|
[Date Prev][Date Next][Thread Prev][Thread Next][Date Index][Thread Index] Re: [Xen-devel] [PATCH] x86 / iommu: set up a scratch page in the quarantine domain
> -----Original Message-----
> From: Xen-devel <xen-devel-bounces@xxxxxxxxxxxxxxxxxxxx> On Behalf Of Jan
> Beulich
> Sent: 20 November 2019 13:52
> To: Durrant, Paul <pdurrant@xxxxxxxxxx>
> Cc: xen-devel@xxxxxxxxxxxxxxxxxxxx; Kevin Tian <kevin.tian@xxxxxxxxx>;
> Roger Pau Monné <roger.pau@xxxxxxxxxx>; Wei Liu <wl@xxxxxxx>; Andrew
> Cooper <andrew.cooper3@xxxxxxxxxx>
> Subject: Re: [Xen-devel] [PATCH] x86 / iommu: set up a scratch page in the
> quarantine domain
>
> On 20.11.2019 13:08, Paul Durrant wrote:
> > This patch introduces a new iommu_op to facilitate a per-implementation
> > quarantine set up, and then further code for x86 implementations
> > (amd and vtd) to set up a read/wrote scratch page to serve as the
> source/
> > target for all DMA whilst a device is assigned to dom_io.
>
> A single page in the system won't do, I'm afraid. If one guest's
> (prior) device is retrying reads with data containing secrets of that
> guest, another guest's (prior) device could end up writing this data
> to e.g. storage where after a guest restart it is then available to
> the wrong guest.
>
True. I was unsure whether this was a concern in the scenarios we had to deal
with but I'm informed it is, and in the general case it is too.

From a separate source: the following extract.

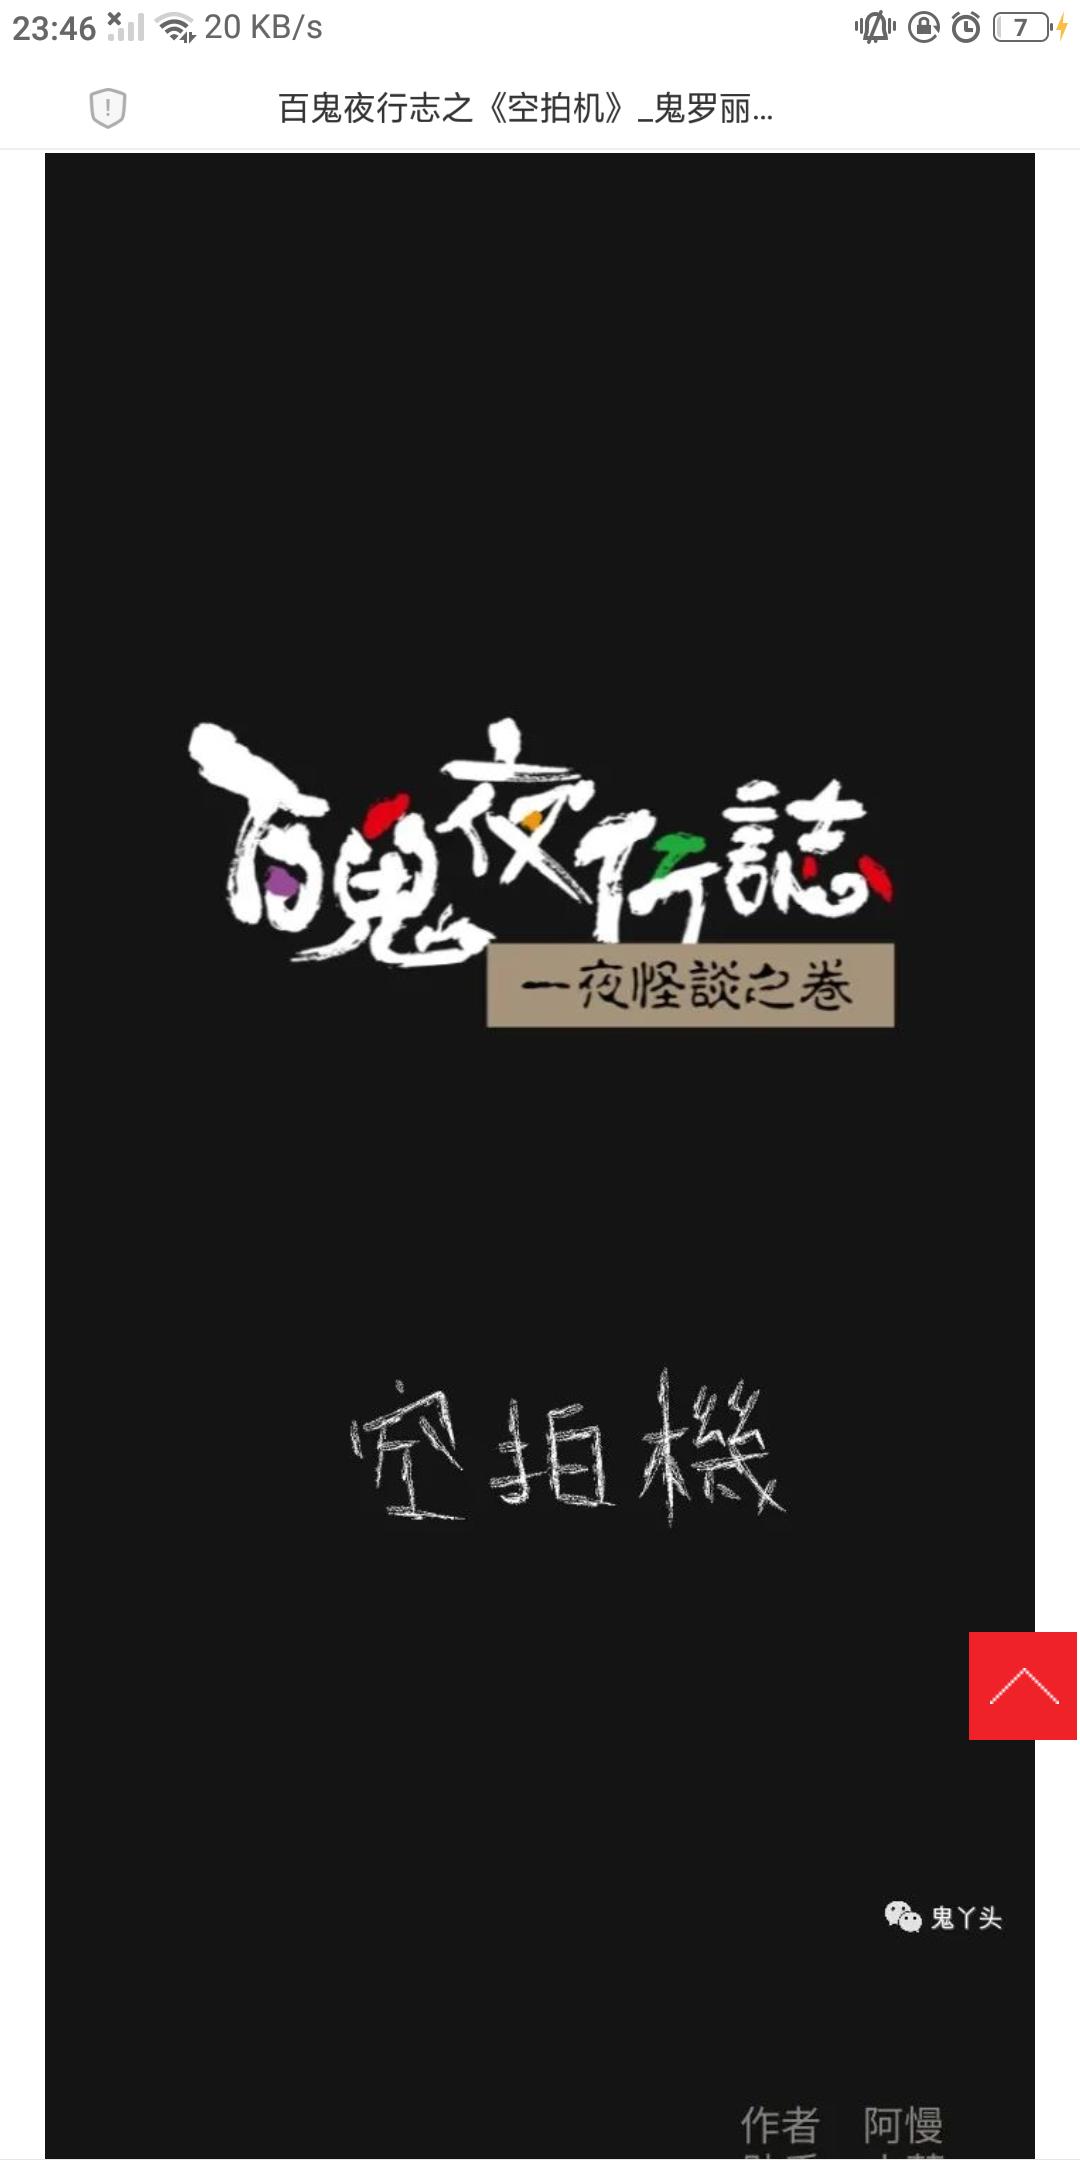 【漫画更新】太平广记之《空拍机》-小柚妹站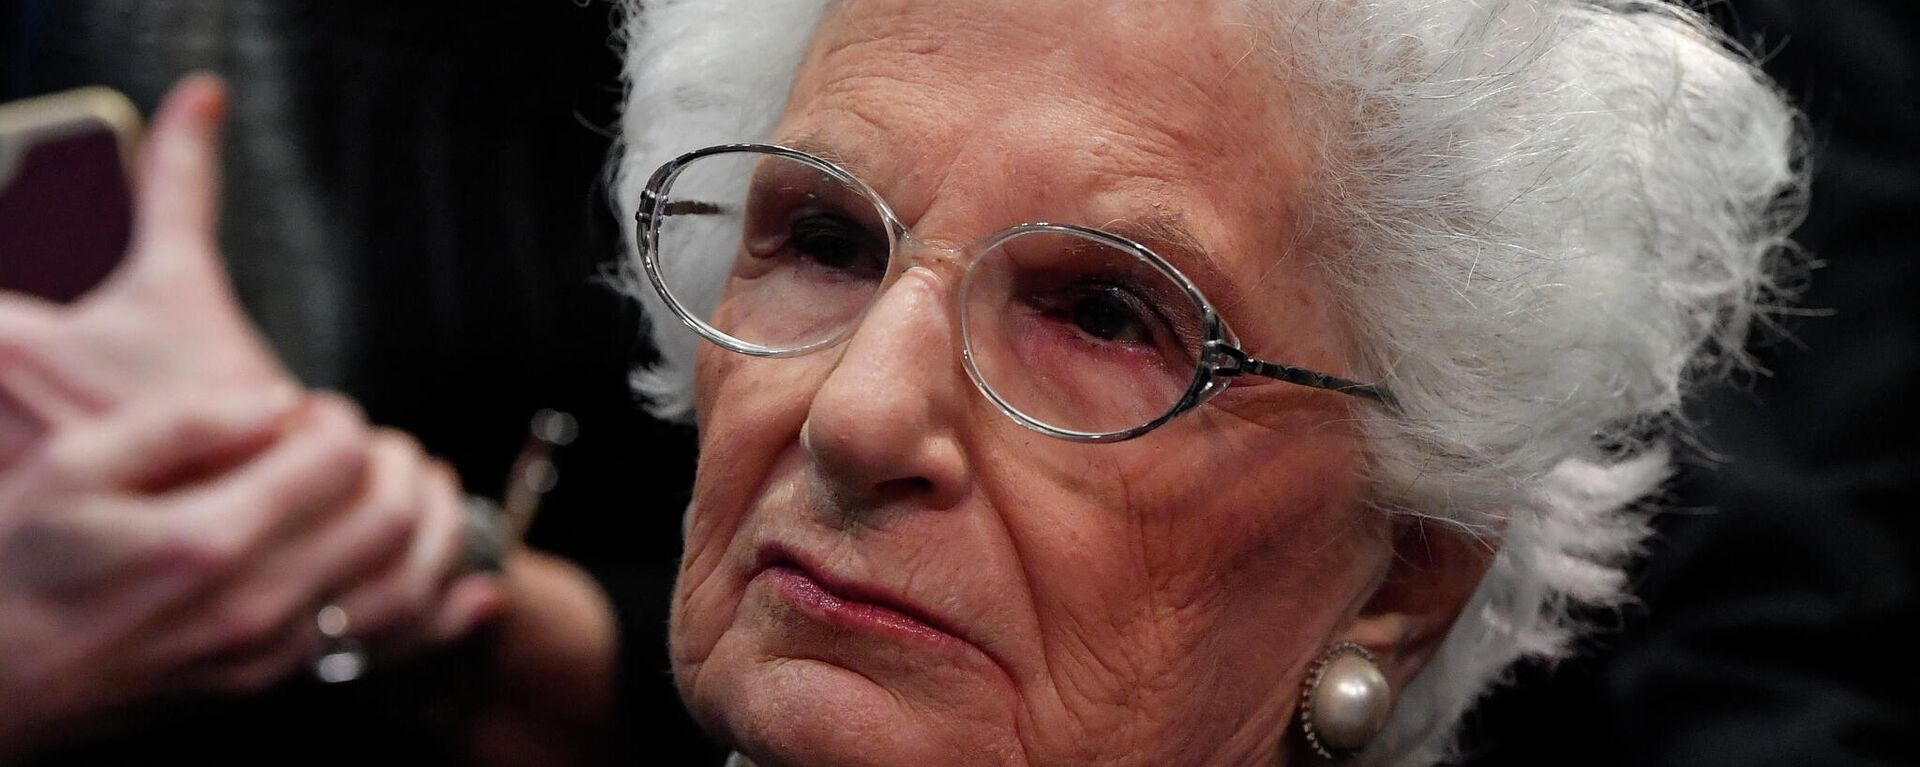 Die italienische Senatorin auf Lebenszeit und Auschwitz-Überlebende Liliana Segre  - SNA, 1920, 20.02.2021

> Also nit: s/wrote/write/ .
>
Yep. Will fix.
> > The reason for doing this is that some hardware may continue to re-try
> > DMA, despite FLR, in the event of an error. Having a scratch page mapped
> > will allow pending DMA to drain and thus quiesce such buggy hardware.
>
> Without a "sink" page mapped, this would result in IOMMU faults aiui.
> What's the problem with having these faults surface and get handled,
> eventually leading to the device getting bus-mastering disabled? Is
> it that devices continue DMAing even when bus-mastering is off? If
> so, is it even safe to pass through any such device? In any event
> the description needs to be extended here.
>
The devices in question ignore both FLR and BME and some IOMMU faults are
fatal. I believe, however, write faults are not and so I think a single
read-only 'source' page will be sufficient.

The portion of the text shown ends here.